Оба с пониманием кивнули.
– Проходите, дети мои! – торжественно велел Эдди, отворив дверь. Жилище Назарянов представляло собой скудно обставленную гостиную, соединенную с кухней. Здесь находилось лишь самое необходимое – обеденный стол, заставленный стульями, маленький диван с низким столиком напротив телевизора. За гостиной узкий коридор вел в две спальни. Вся мебель была белого цвета и сверкала неоспоримой чистотой. Миссис Назарян приветствовала гостей с радушной улыбкой. При первом взгляде стало ясно, у кого Диана переняла черты лица. Те же темно-карие глаза, правильный овал лица, мягкий взгляд и теплая улыбка. Диана кинулась в объятия матери, расцеловала ее и представила друзей.
– Можешь представить, они тоже жили на Московяна! Возможно, мы вместе играли. Папа вспомнить не смог. Может, ты можешь?
Миссис Назарян долго щурилась, водила пальцами по подбородку, пронизывала Манукянов напряженным взором и в итоге сдалась.
– Вы голодны? Идем за стол, я приготовила фахитос и булочки с подливкой. Между прочим, сегодня день Колумба.
– Пусть девочки ужинают. Мы с Максом не голодны, – спешно вставил Эдди.
– Почему это Макс не голоден? – нахмурилась мать.
– Мы пойдем гулять, а когда вернемся, хотим выпить листовой чай. Вы пьете дома листовой чай?
– Нет, – признался Макс. Он был не меньше миссис Назарян озадачен резкостью друга. Мать, однако, не подала виду.
– Ты пригласил друзей познакомить с нами или своей обожаемой улицей? – порицательно спросил отец, приступивший к ужину.
– Мы сами решим, что нам больше нужно прямо сейчас, – бросил Эдди и кивком позвал Макса к выходу.
– Миссис Назарян, я правда не голоден, – виновато произнес он и попятился к выходу. Кристина обжигала его неодобрительным взглядом, Диана старалась казаться совершенно безучастной, чтобы не захлебнуться от стыда.
Сумрак сгущался, садясь на город громадной шапкой. По небу мрачно плыли пухлые, как овечья шерсть, облака. Несколько работающих фонарей тускло освещали пустынную, утопающую в тишине дорогу. Казалось, звезды и серповая луна освещают ее ярче.
– Справа находится граница «Латиноамериканских королей» и Bloods.
– Кранцы приходили оттуда? – догадался Макс.
– Да. Слева наша с Дианой прежняя школа. Что тебе хочется повидать сперва?
– Границу.
Друзья вышли за черную стрельчатую ограду и не спеша пошли по узкому тротуару, едва вмещающему двух пешеходов.

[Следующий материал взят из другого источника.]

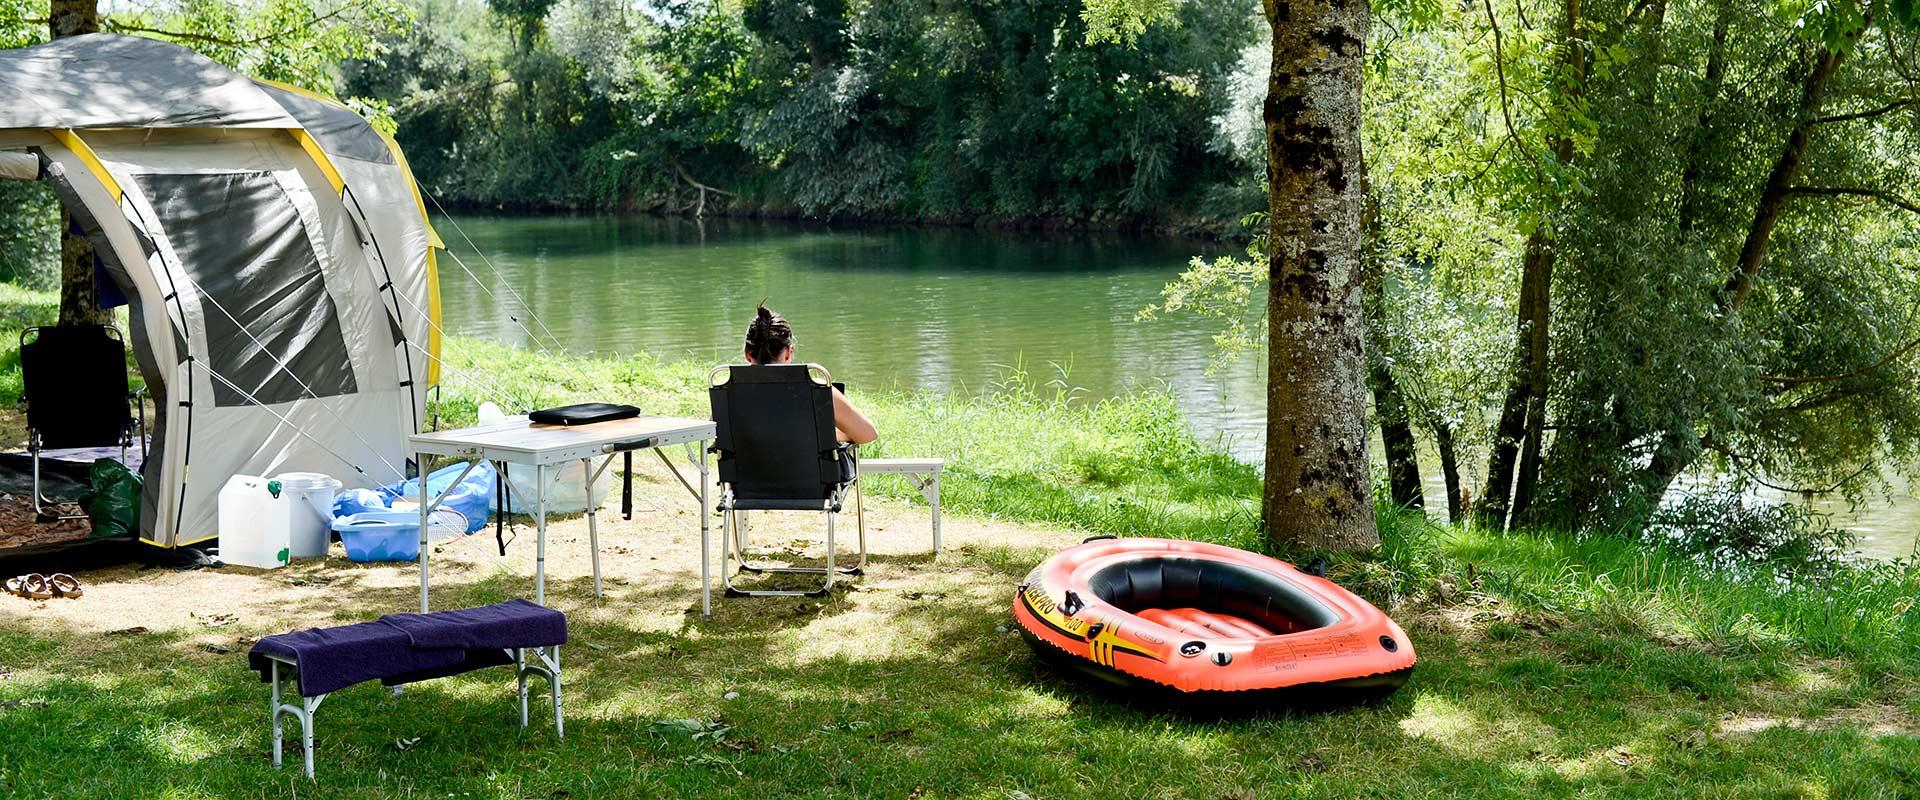 Camping Ounans La Plage Blanche mein-PLATZ

Вокруг царили каменная тишина и насыщенный сумрак. В грядках перед домами росли цветы, вздымаясь над оградой и перекидываясь через нее длинными лозами. «Прыгающих» машин, как и куч бесперебойно стреляющих во все стороны головорезов, также не встретилось. Ничего из виденного им не совпадало с его представлениями о Комптоне. Эдди заметил удивление друга.
– Наш район – единственный во всем Комптоне, где запрет на конфликты установили сами банды. Мы живем в «квадрате мира», который создали «Короли», Crips и Bloods, объединив свои территории восточнее Ранчо-Домингез. Всем бандам, проживающим в нем, запрещено стрелять, драться или другим способом подвергать опасности представителя другой расы. Мы должны быть примером порядка и законности.

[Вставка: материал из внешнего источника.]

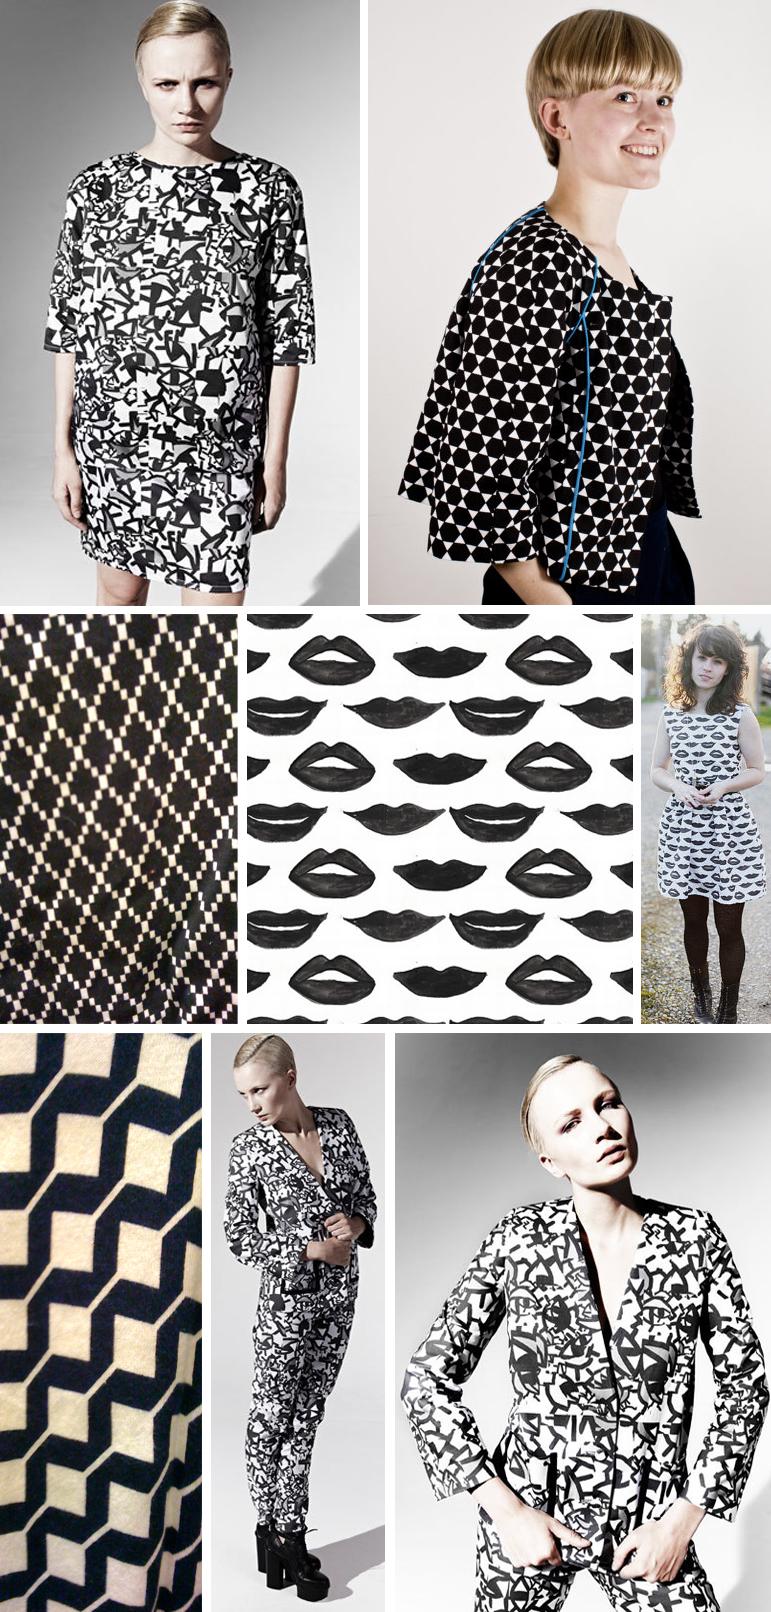 Graphic monochrome street patterns

– Запрещено воевать только с другой расой?
– Со своей делай что угодно, только не переходи черту.
– Какую?
– Убийство, наивный ты простачок. Полиция довольна обстановкой, и они требуют только не привлекать внимания. Взамен разрешают делать наши ночные делишки.

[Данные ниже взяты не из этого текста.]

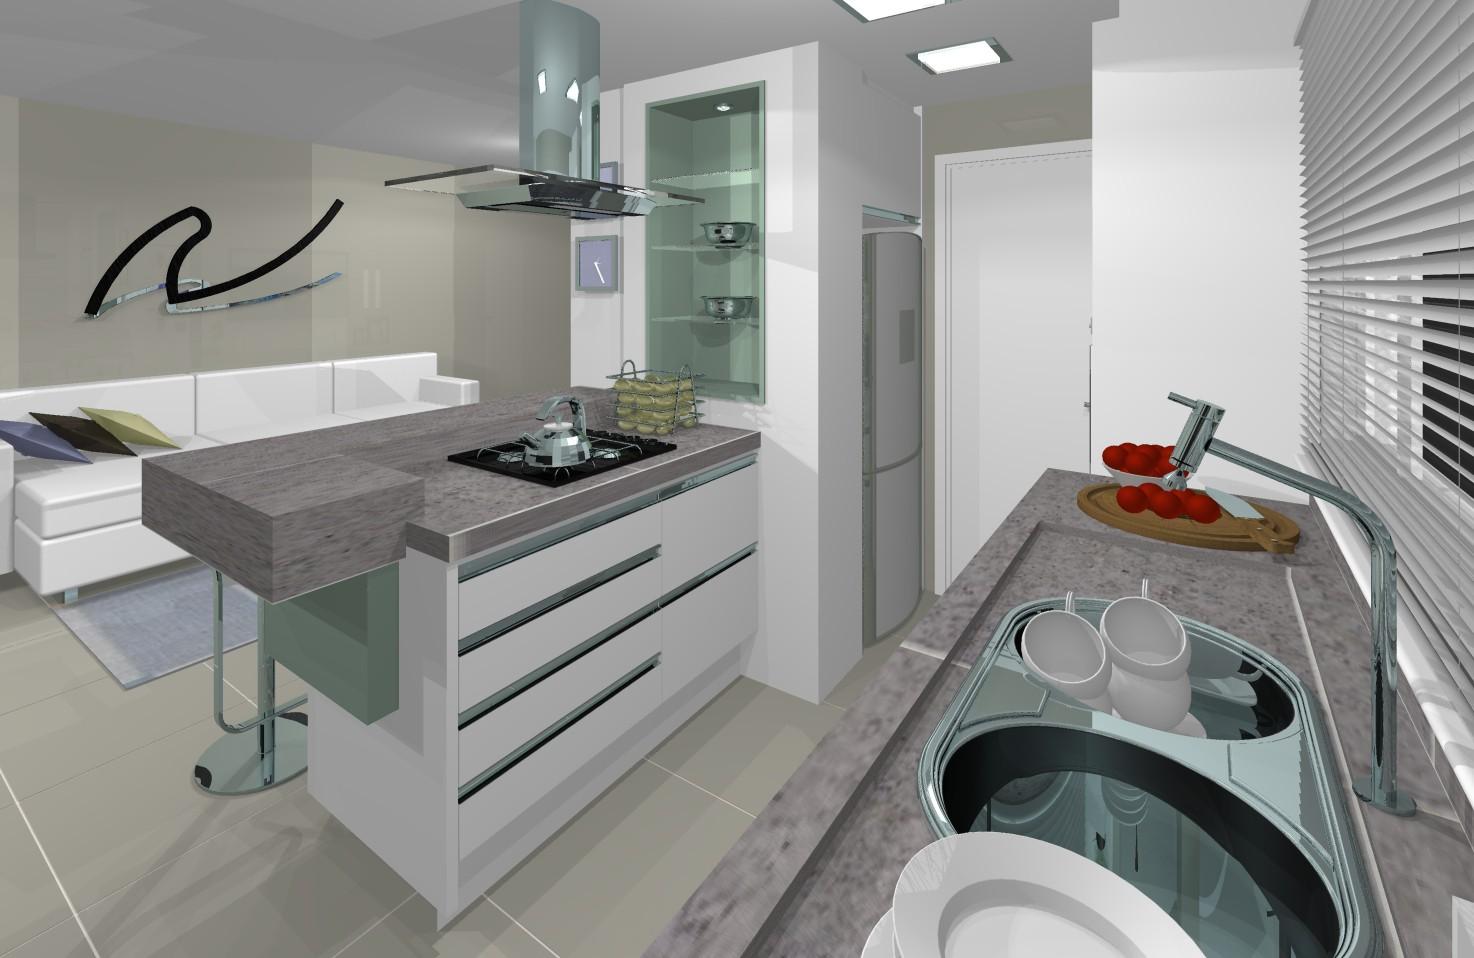 design de interiores: cozinha integrada #643C2C 1474 958

– Откуда ты так хорошо знаешь?
– Помнишь Луиса Каттано? Это дядя моего друга. Отличный парень. Он мне пообещал, когда мы вырастем, разрешить создать свою банду и вести дела самому.
– И зачем тебе это надо?
– То есть зачем? – изумился Назарян. – Затем же, зачем люди ходят в офисы, красят машины, чинят провода, работают официантами.
– Но это нечестно.
– Я могу доказать, что ты ошибаешься.
– Что это за ночные делишки?
– Не нужно пока тебе знать.
– Ты собираешься убивать людей?
– Нет, глупыш. Убивать грешно и запрещено старшими. Я собираюсь добиться успеха другими способами.
Быстрый мороз пробежал по телу Макса, проник в кровь, прогнав жар к лицу.
– Ты серьезно? Ты признаешься в том, что готов преступлениями добиться успеха? – недоверчиво переспросил он. Гонор друга ужасал его.
– Послушай, малыш. – Эдди стал уставать от назойливости Макса. – Ты слышал что-нибудь о волчьих стаях?
– Знаю, что они живут семьей.
– Смотри. – Они вышли на перекресток. Впереди тянулись железнодорожные рельсы, заключенные в решетчатое ограждение. За рельсами виднелись размытые во мраке контуры одноэтажек. – Это граница. За ней территория Bloods, а правее Crips.
– Там живут Кранцы. – Макс присматривался к домам; вдруг ему представилась шайка Кармака, перепрыгивающая ограждение, и сам Кранц, не раз проходивший по тому месту, где он стоит, спешащий увидеться с Дианой.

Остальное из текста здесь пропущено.